According to Campher this trend continues with local investors opting almost exclusively for SA Multi Asset portfolios.

SA Multi Asset still the preferred choice

Over the 12 months ending June 2014, SA Multi Asset Portfolios attracted R105 billion of the total R151 billion net inflows attracted by the industry. SA Interest Bearing portfolios came in second with R21 billion and Money Market portfolios third with R2 billion.

Multi Asset portfolios make it possible to achieve diversification across asset classes within one fund. Expert portfolio managers determine the appropriate exposure to the different asset classes in line with their investment mandates. The SA Multi Asset category is made up of the following sub-categories: Income, Low Equity, Medium Equity, High Equity and Flexible.

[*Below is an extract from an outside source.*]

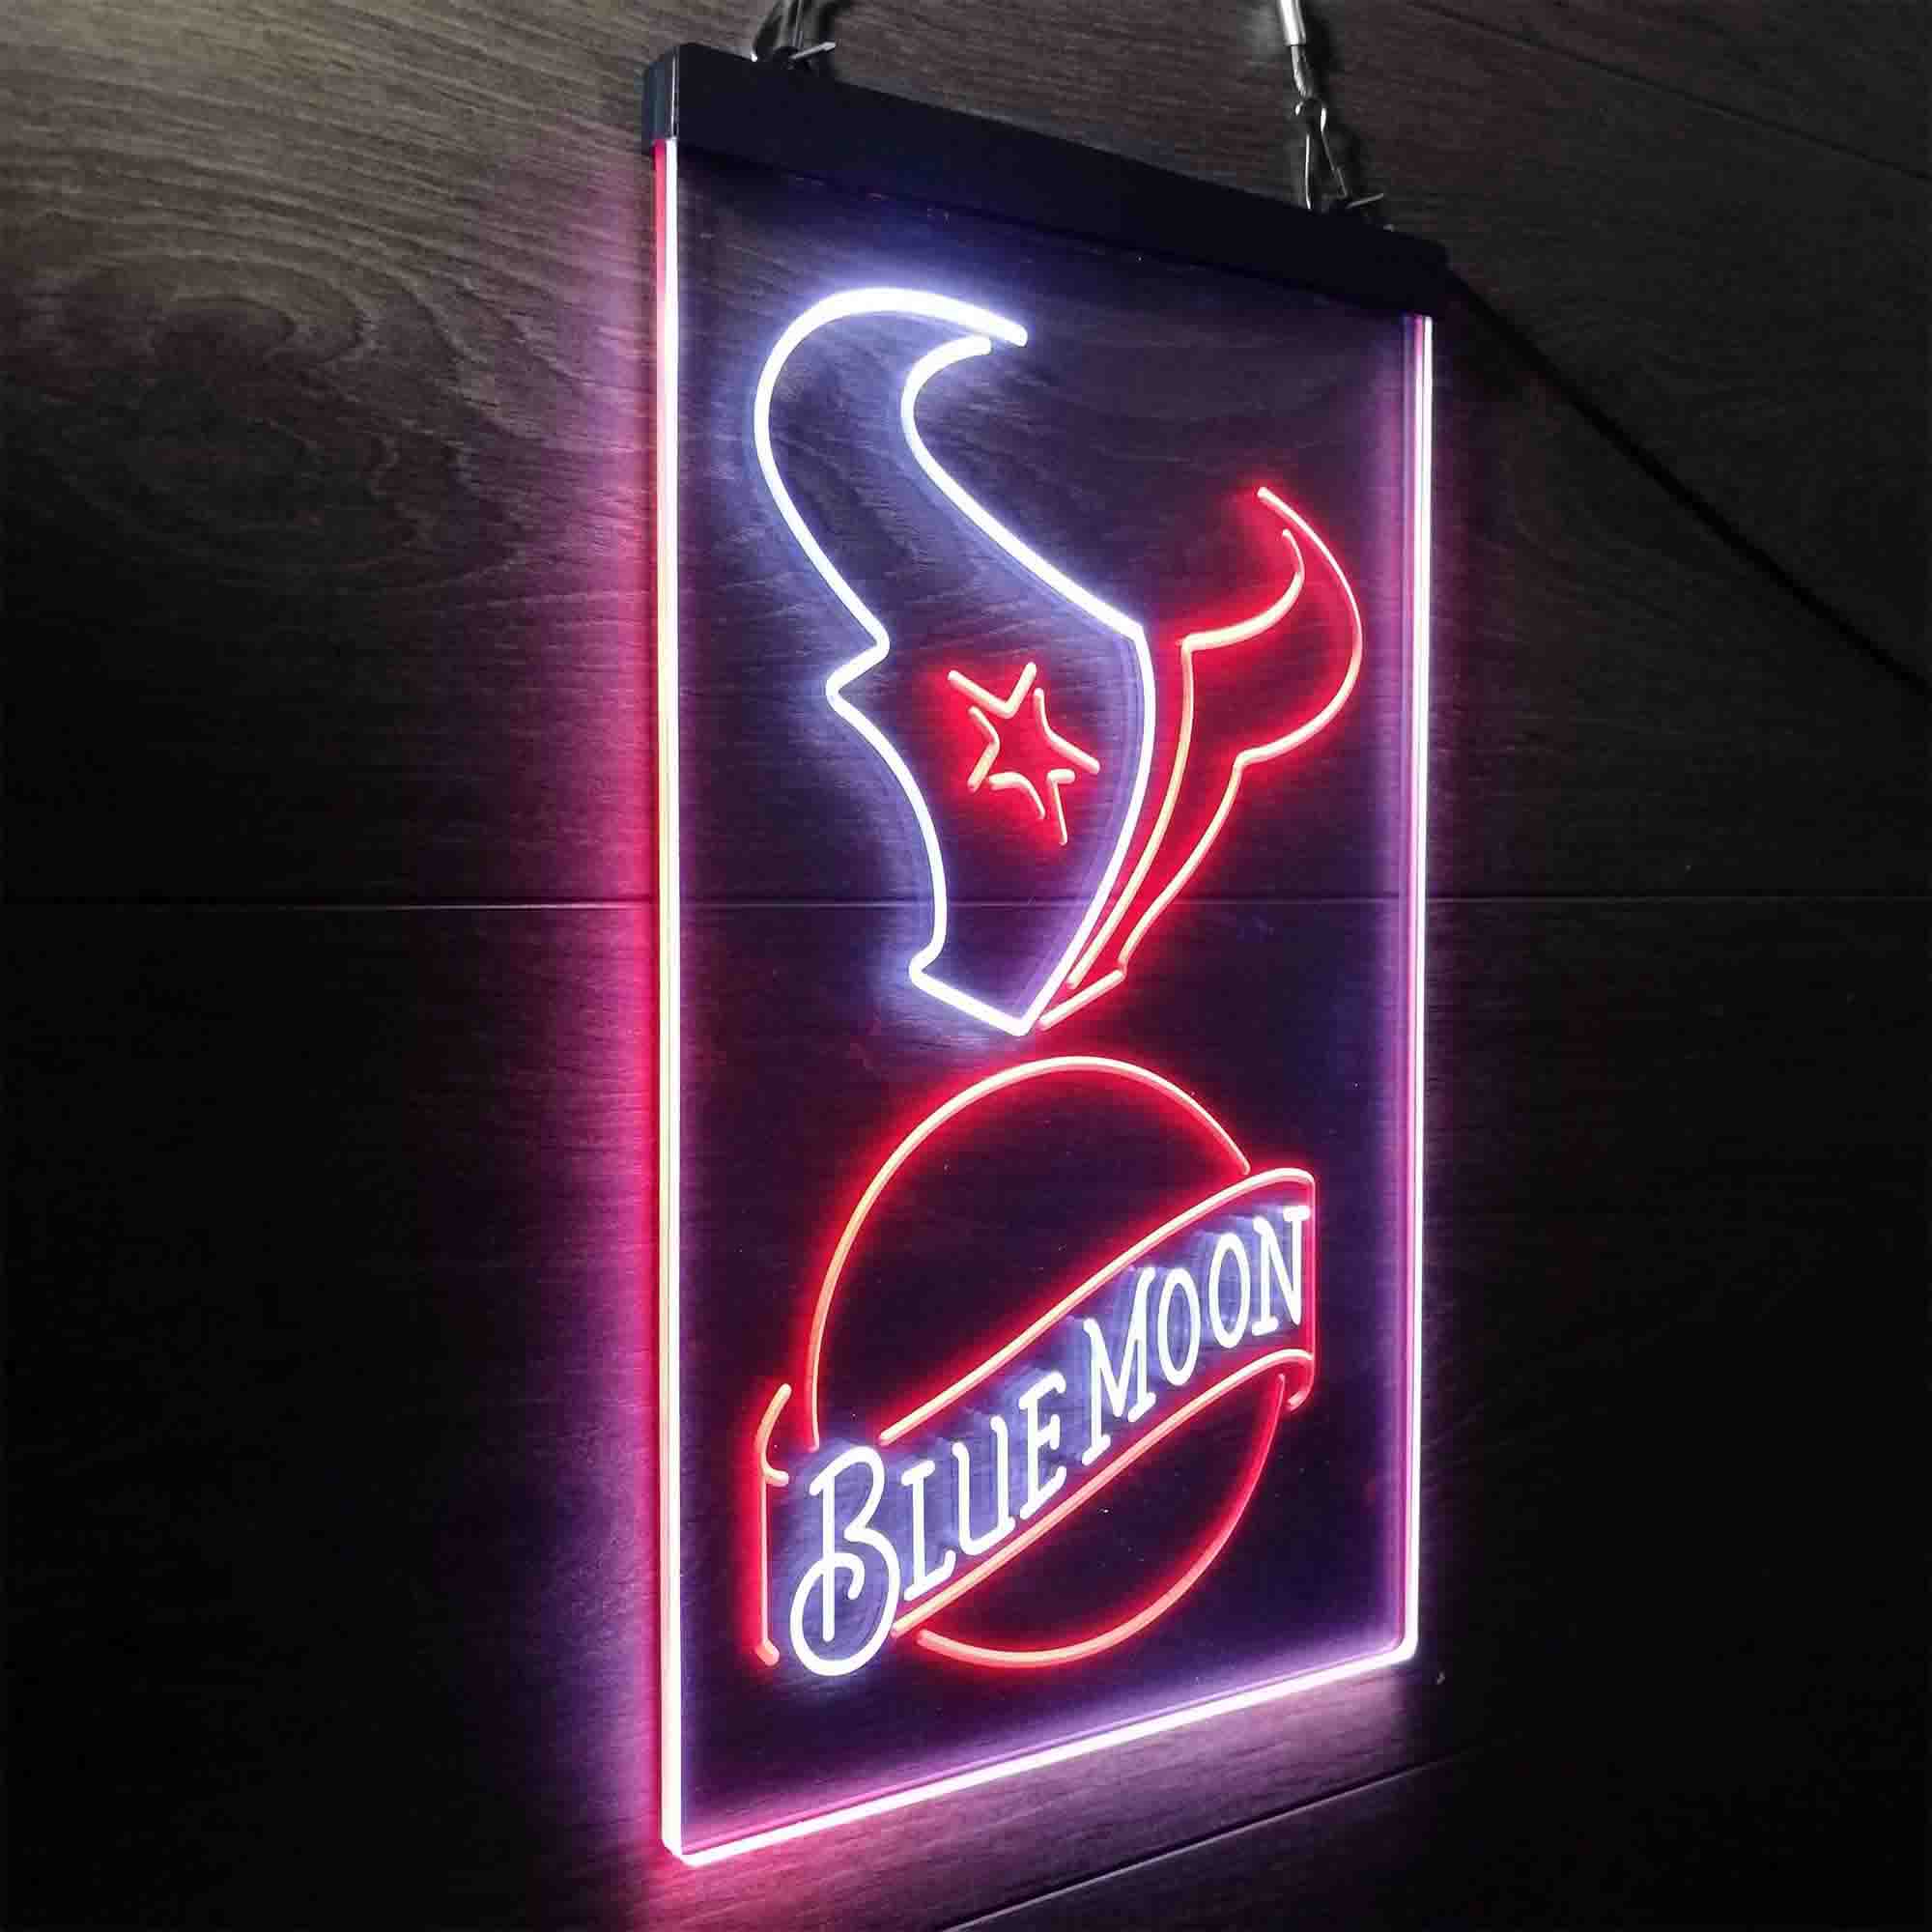 Blue Moon Bar Houston Texans Est. 2002 LED Neon Sign
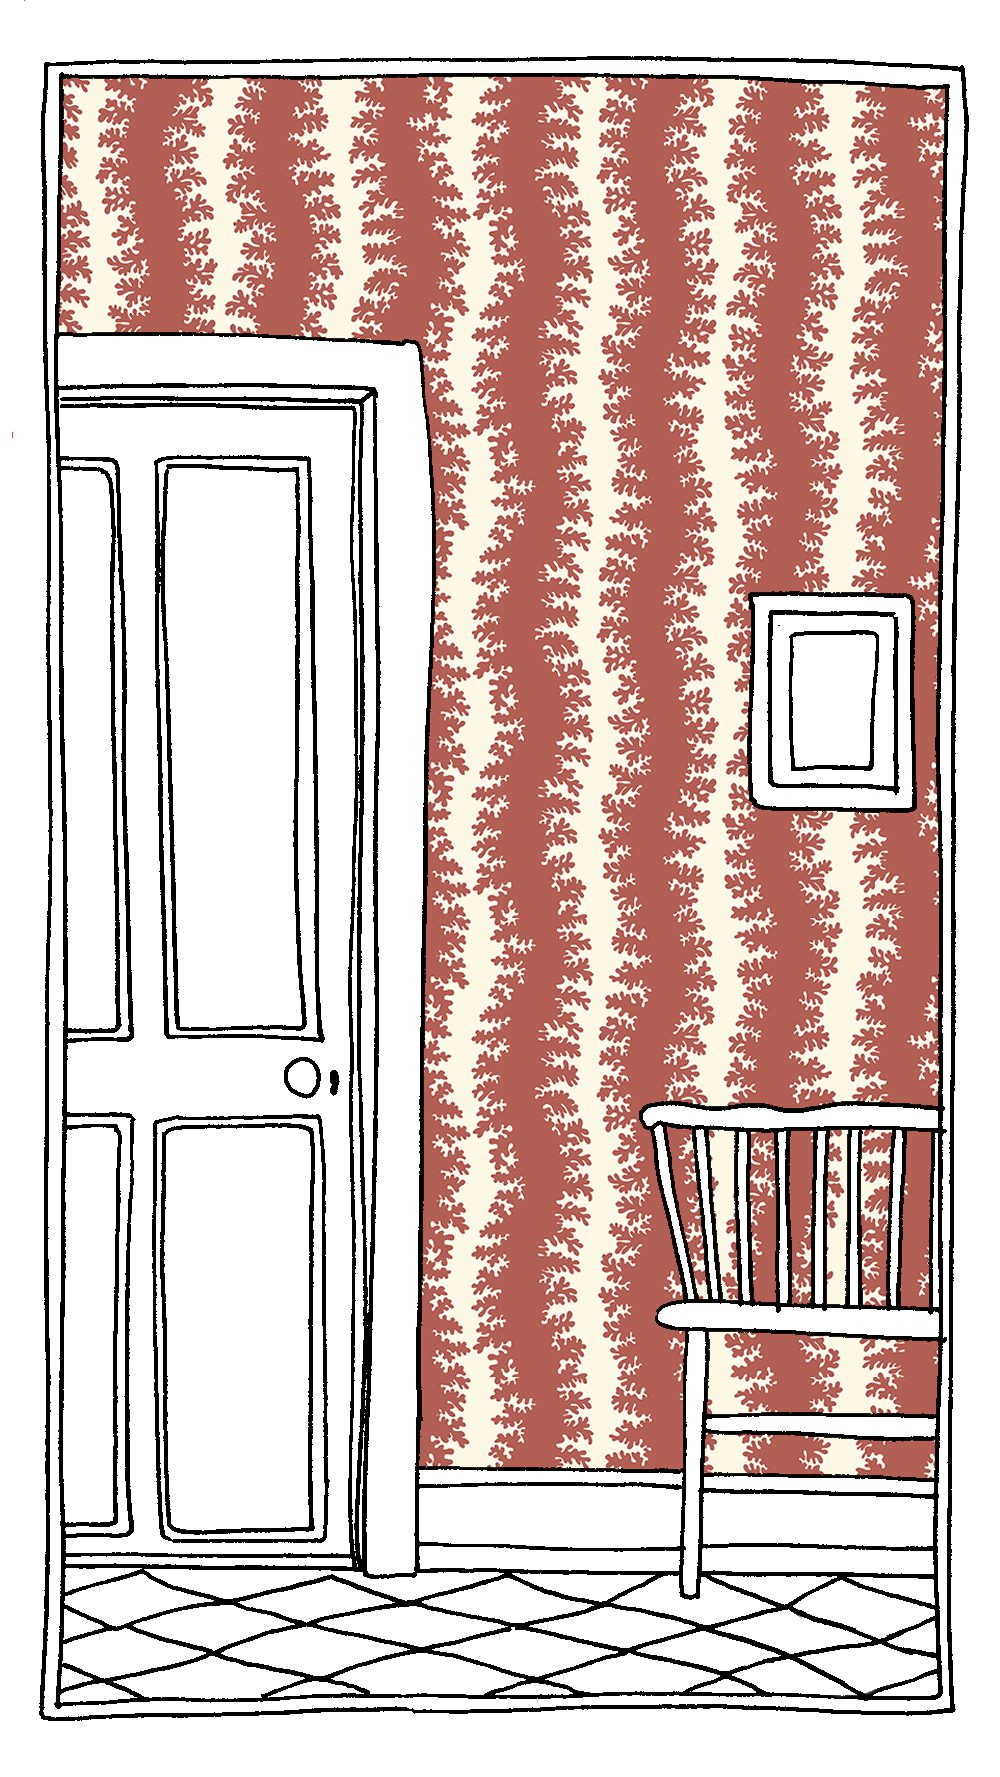 Josephine-Munsey-Roll-collection-wallpaper-elkhorn-strope-scalloped-wave-stripe-wallpaper-elkhork-edged-silhouette-soft-edged-wide-stripe-red-topping-clarke-white

Campher says for the majority of investors Multi Asset portfolios are the right choice. “These portfolios were designed to deliver a more stable performance than pure equity portfolios by smoothing out market volatility through diversification.”

There are 524 portfolios in the SA Multi Asset category.

Who invested?

Campher says the inflows over the 12 months to the end of June 2014 came either directly from investors (29%) or were channeled via intermediaries (27%).

Linked investment services providers (Lisps) generated 23% of sales and 21% of sales was received from institutional investors like pension and provident funds.

He says this pattern is almost identical to the one presented by the first quarter’s statistics.

Offshore focus

Locally registered foreign funds held assets under management of R228 billion at the end of June 2014, compared to R214.9 billion at the end of March 2014.

These foreign funds recorded net inflows of R2.6 billion in the second quarter of this year, after having experienced net outflows in the first quarter of this year.

Foreign currency unit trust funds are denominated in currencies such as the dollar, pound, euro and yen and are offered by foreign unit trust companies. These funds can only be actively marketed to South African investors if they are registered with the Financial Services Board (FSB). Local investors wanting to invest in these funds must comply with Reserve Bank regulations and will be using their foreign capital allowance.

There are currently 309 foreign currency denominated funds on sale in South Africa.